Mechanisms of object-based correspondence (DFG HE7543/1-1; Elisabeth Hein)
The visual system is able to create and maintain a stable representation of our environment - keeping the identity of the elements around us through changes in space over time - despite the original information that arrives at the retina being ambiguous. For a long time, the dominant view in the field was that the visual system is able to do so, i.e., to establish correspondence between elements, using mainly spatiotemporal proximity that in turn determines motion energy between the elements. Recent studies, however, showed that higher-level factors, e.g., the perceived feature similarity between the elements and the grouping context, could also play an important role in determining correspondence.
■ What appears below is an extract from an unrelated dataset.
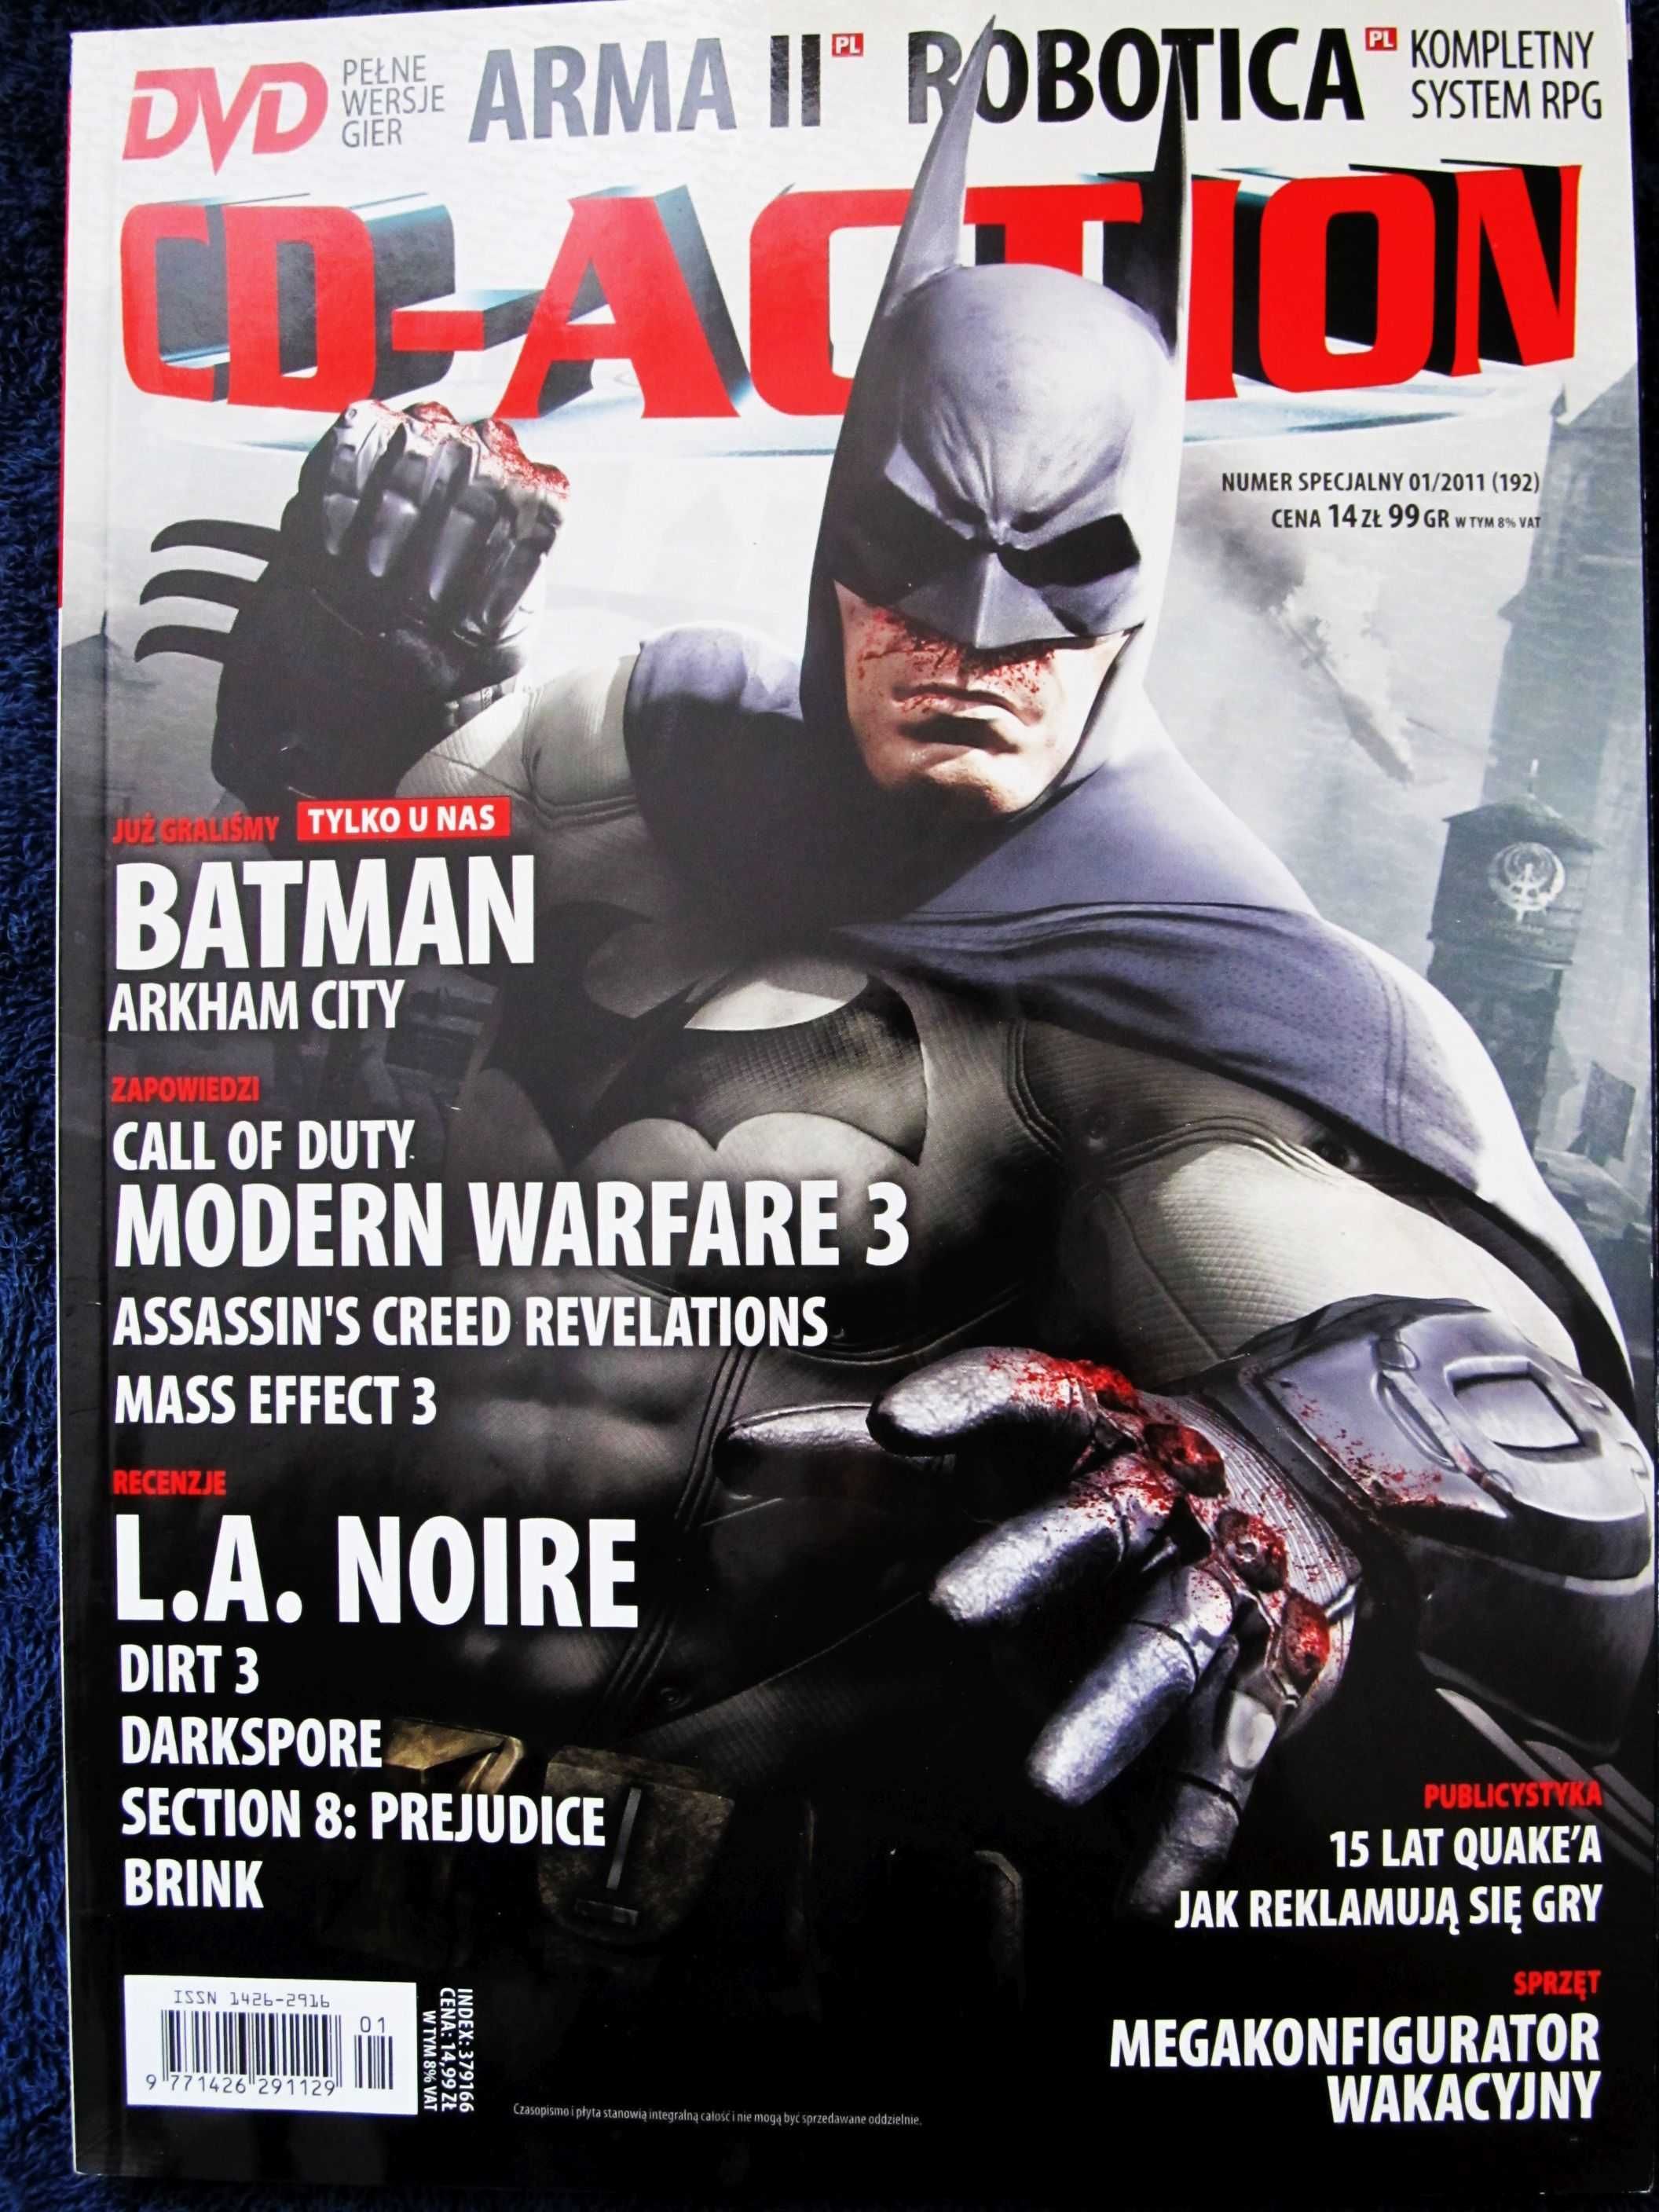 CD - Action 1/2011 Batman,Call of Duty,Mass Effect3,L.A.Noire,Quake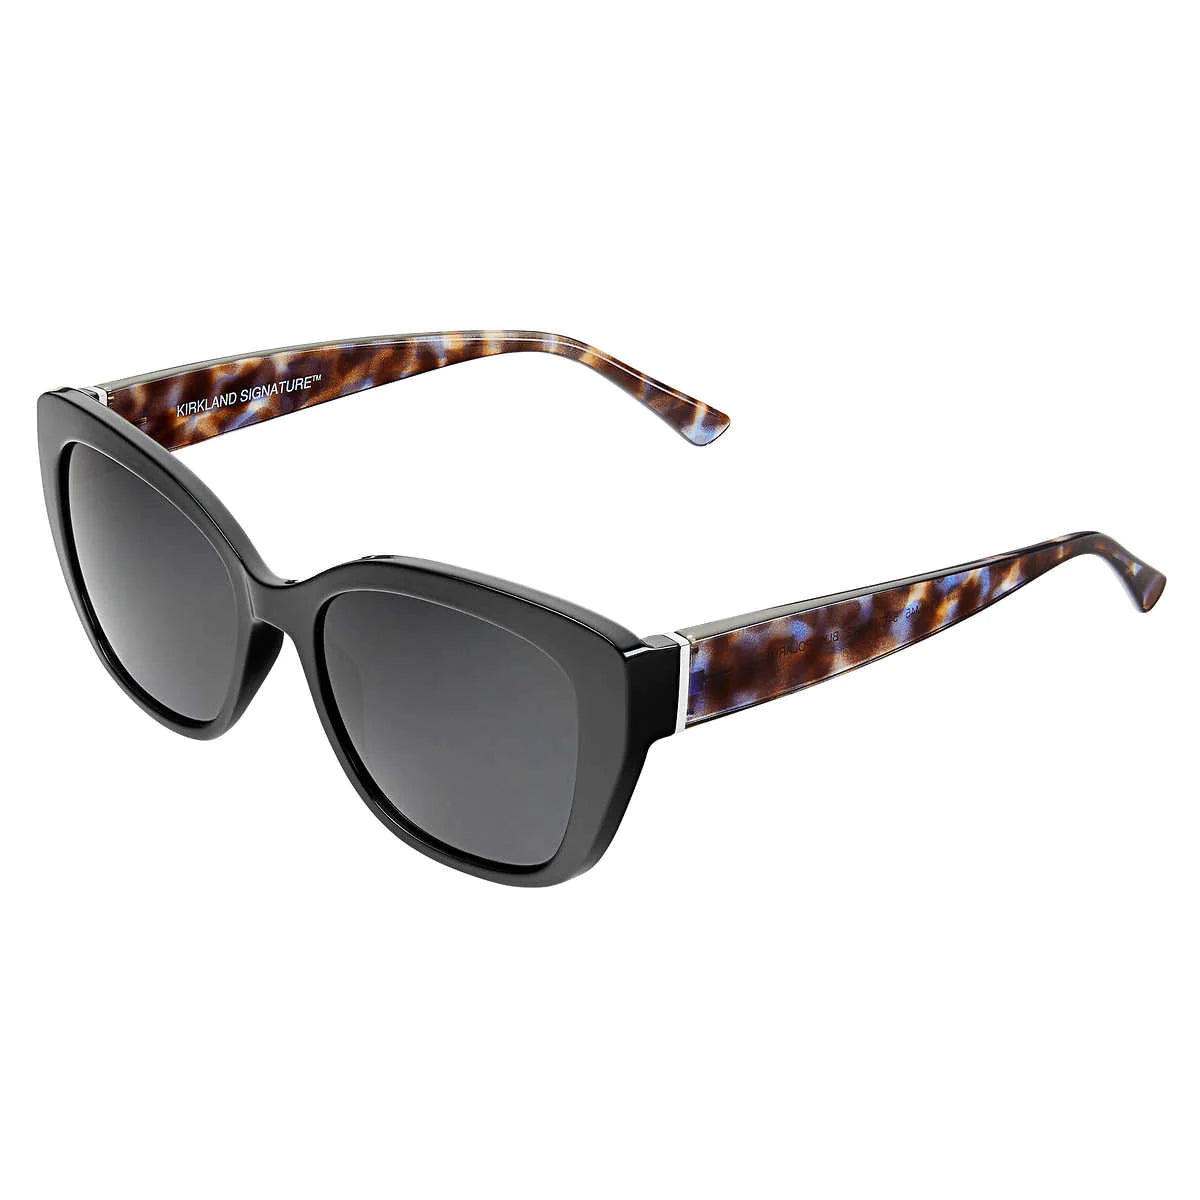 kirkland-signature-lunettes-soleil-femme-sunglasses-3

The aim of this project is to use behavioral experiments, as well as eye tracking and electrophysiological measurements, in order to test specific predictions of a new object-based correspondence mechanism. This mechanism is able to account for the new results and explain the influence of higher-level factors through a correspondence process that is based on object representations instead of basic low-level factors as spatiotemporal proximity. In particular, this project will examine the influence of attention on correspondence, determine the level at which the processing of correspondence is solved, and assess the role that the scene and feature variability of the context play in correspondence.
Mechanisms of temporal preparation in stimulus selection (DFG SE2576/1-1; Verena Seibold)
Selective attention is a fundamental mechanism of the brain that allows selecting only that part of incoming sensory information for deeper processing that is currently relevant and matches the needs and goals of an organism. Recent research work suggests that the efficiency of this selection mechanism depends fundamentally on an organism’s ability to make temporal predictions and thus temporally prepare the brain for sensory information. Yet, it is still unclear how temporal preparation for sensory information exerts its beneficial effect on stimulus selection. The aim of this project is to fill in this gap and to investigate systematically the mechanisms by which temporal preparation facilitates stimulus selection.